Adam poprosił mnie, abym wychodziła z domu za każdym razem, gdy jego syn przyjeżdża do niego. W zasadzie w każdy weekend muszę się gdzieś kręcić.
Mam 31 lat. Mam własne mieszkanie, które pomogli mi kupić rodzice. Wyszłam za mąż w zeszłym roku, ale nie mam jeszcze własnych dzieci.
Mój mąż jest starszy ode mnie, już kiedyś się ożenił i został ojcem. Jest rozwiedziony od ponad roku, ale spotyka się ze swoim dzieckiem.

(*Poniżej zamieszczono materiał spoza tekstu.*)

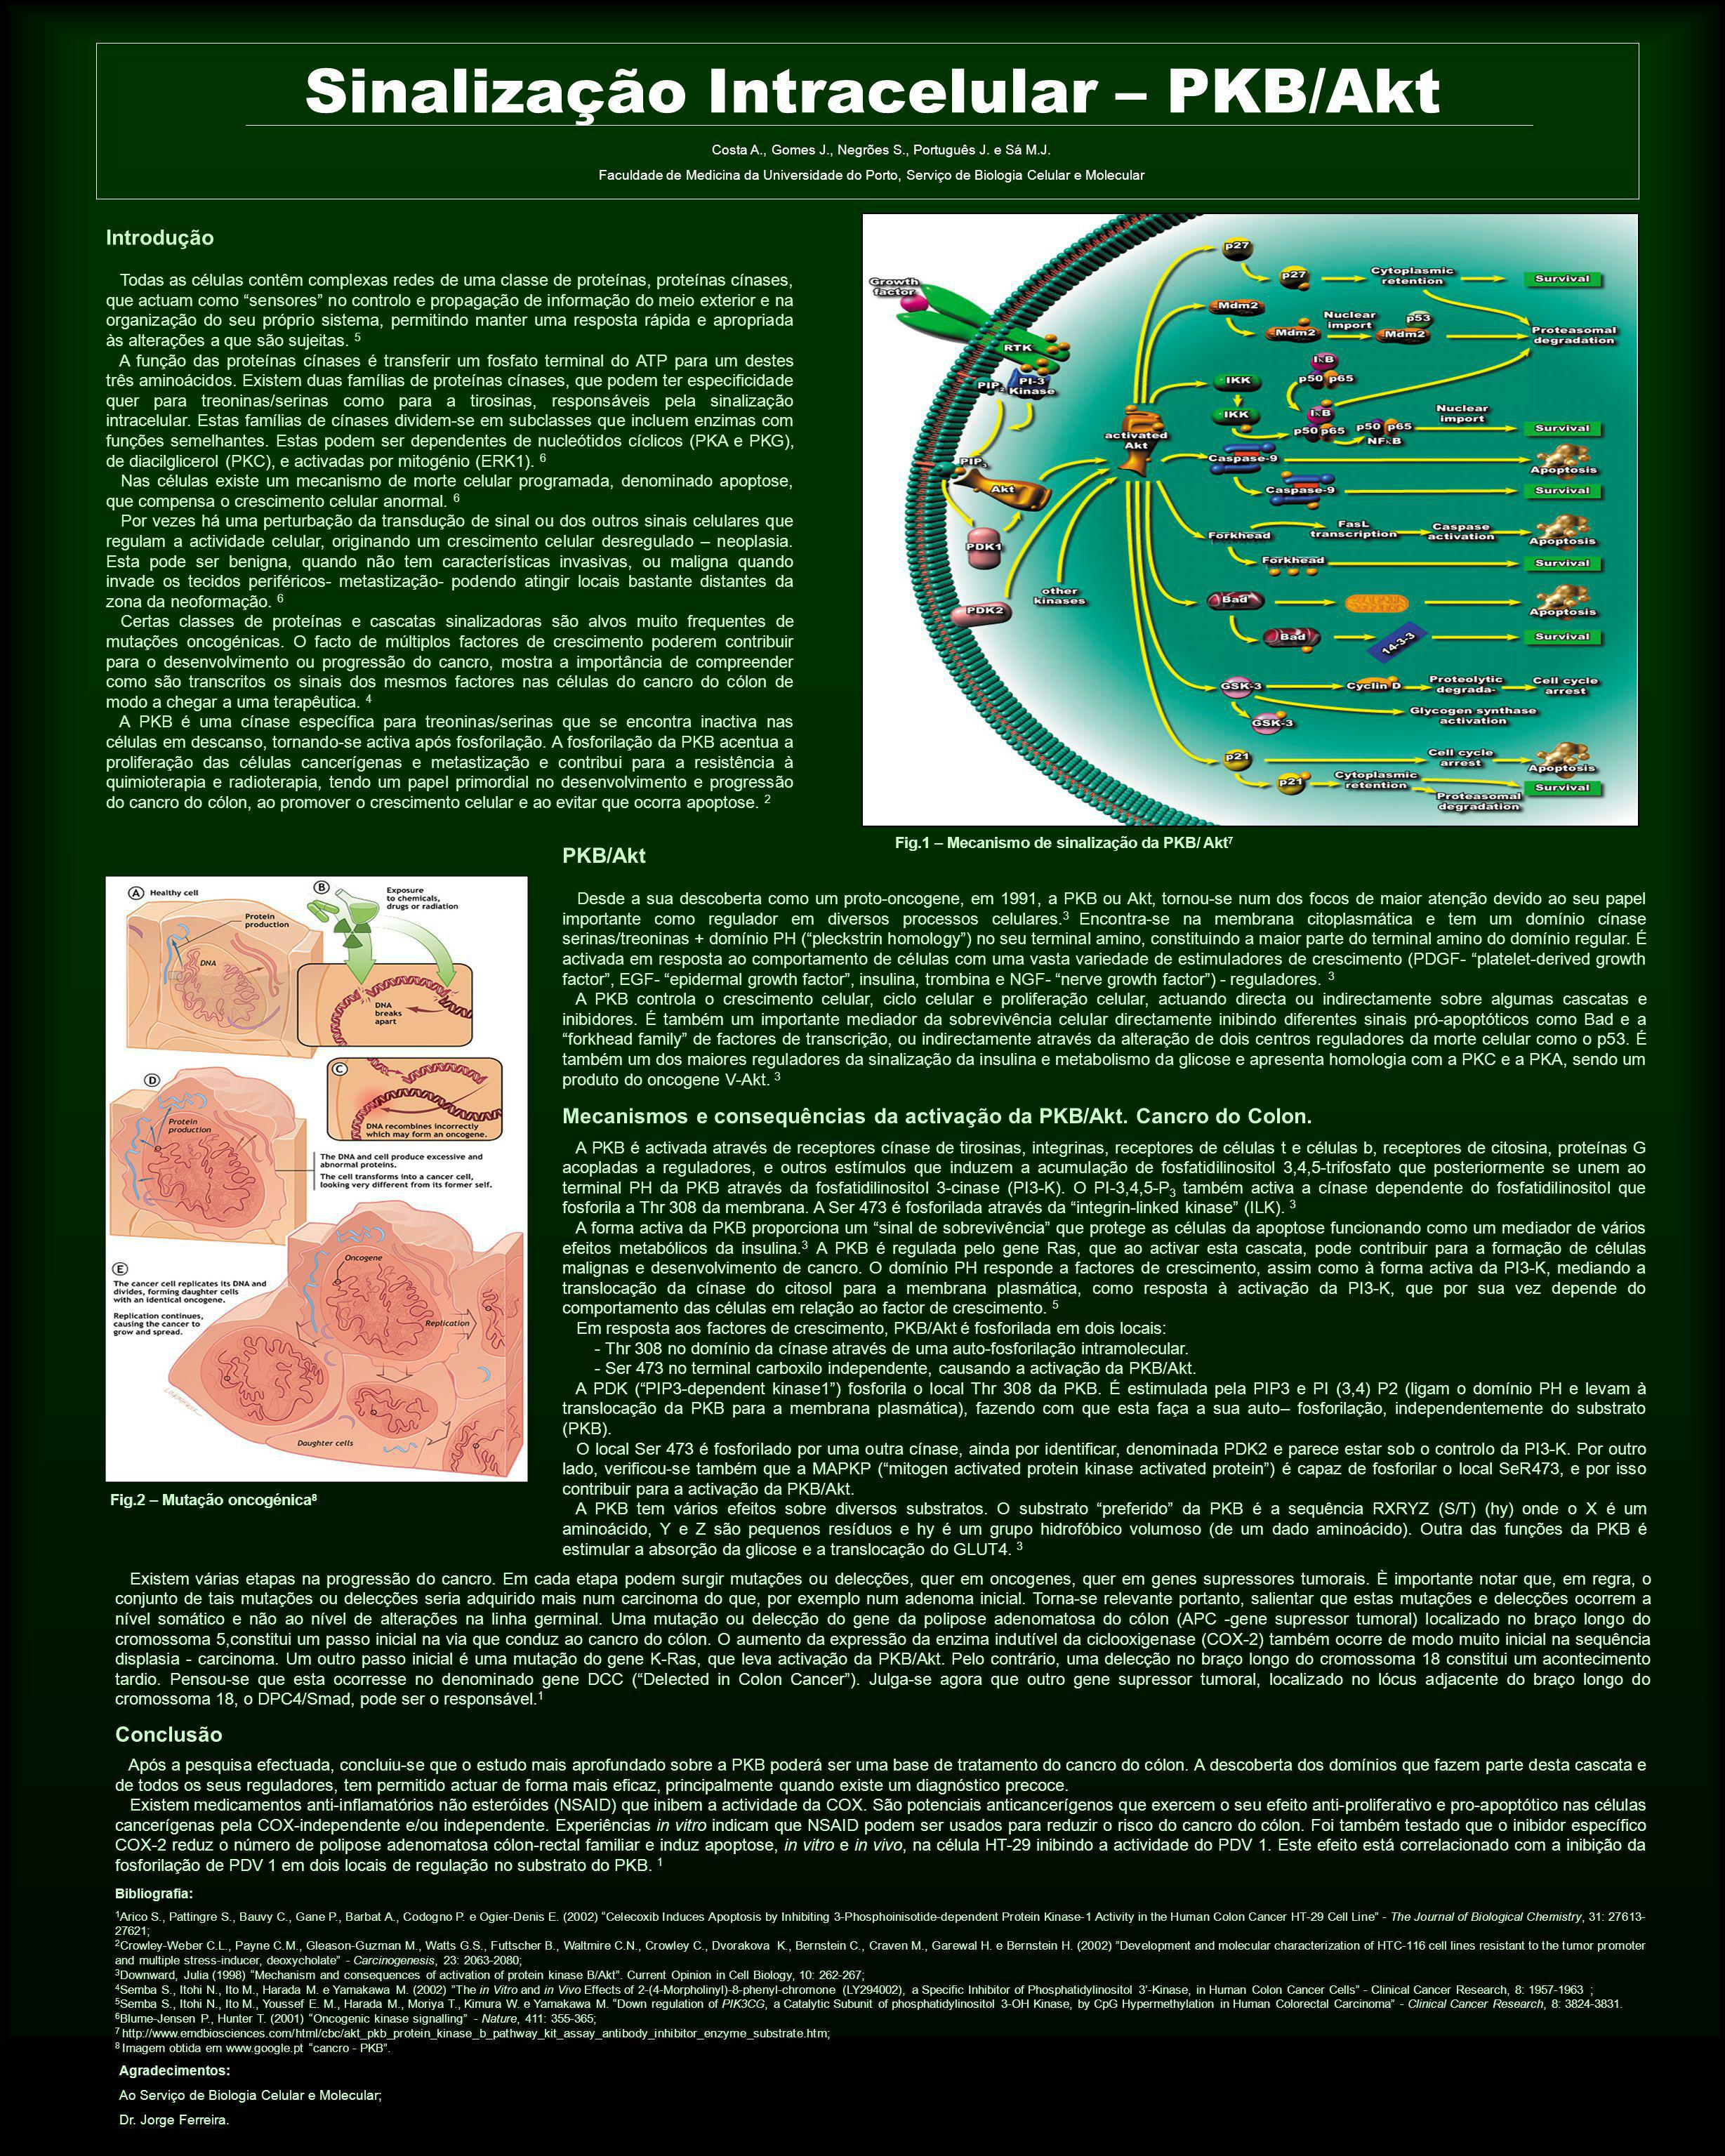 Sinalização Intracelular – PKB/Akt

Powiedziałabym, że jest wzorowym niedzielnym tatą. Po ślubie zamieszkaliśmy u mnie. Ponieważ miałam dwupokojowe mieszkanie, dla wszystkich starczyło miejsca.
Syna męża traktowałam normalnie, nie wtrącałam się w ich komunikację i nie zwracałam na siebie uwagi. Oni zajmowali się swoimi sprawami, a ja swoimi.
Oczywiście, jeśli chłopak wykazywał inicjatywę, wspierałam rozmowę. Czasami chodziliśmy razem do zoo, kina lub kawiarni.
Przy dziecku nie całowaliśmy się, nie przytulaliśmy, bo Adam uważał, że to traumatyzuje psychikę dziecka. Trzymaliśmy się razem, cokolwiek się działo.
Do niedawna wszystko było normalnie. Jednak ostatnio była żona Adama dostała jakiegoś ataku — nagle uznała, że jej syn nie może się ze mną porozumieć.
Mój mąż powiedział mi o tym, choć nie podał powodu. Wtedy powiedział mi, że muszę wyjechać z domu na weekend, żeby mógł zobaczyć się z synem.
Zastanawiam się, gdzie będę przez dwa dni. I czy to w porządku, skoro mieszkanie jest moje? Mój mąż nie był w żaden sposób zakłopotany, myślał, że to świetna okazja, aby pojechać do swoich rodziców lub spędzić noc z koleżankami.
To świetna zabawa. Po prostu mi się to nie podoba. Oczywiście odrzuciłam tę głupią ofertę.
- Nie mogę zabrać syna na nocowanie, gdy ty jesteś w mieszkaniu! - krzyknął mój mąż.
- A ja przyzwyczaiłam się do mojego mieszkania, więc nie zamierzam mieszkać nigdzie indziej.
Mąż się na mnie obraził. Myśli, że robię to celowo, żeby zepsuć jego relacje z synem. Zbliża się weekend. Zobaczymy, jak Adam rozwiąże ten problem.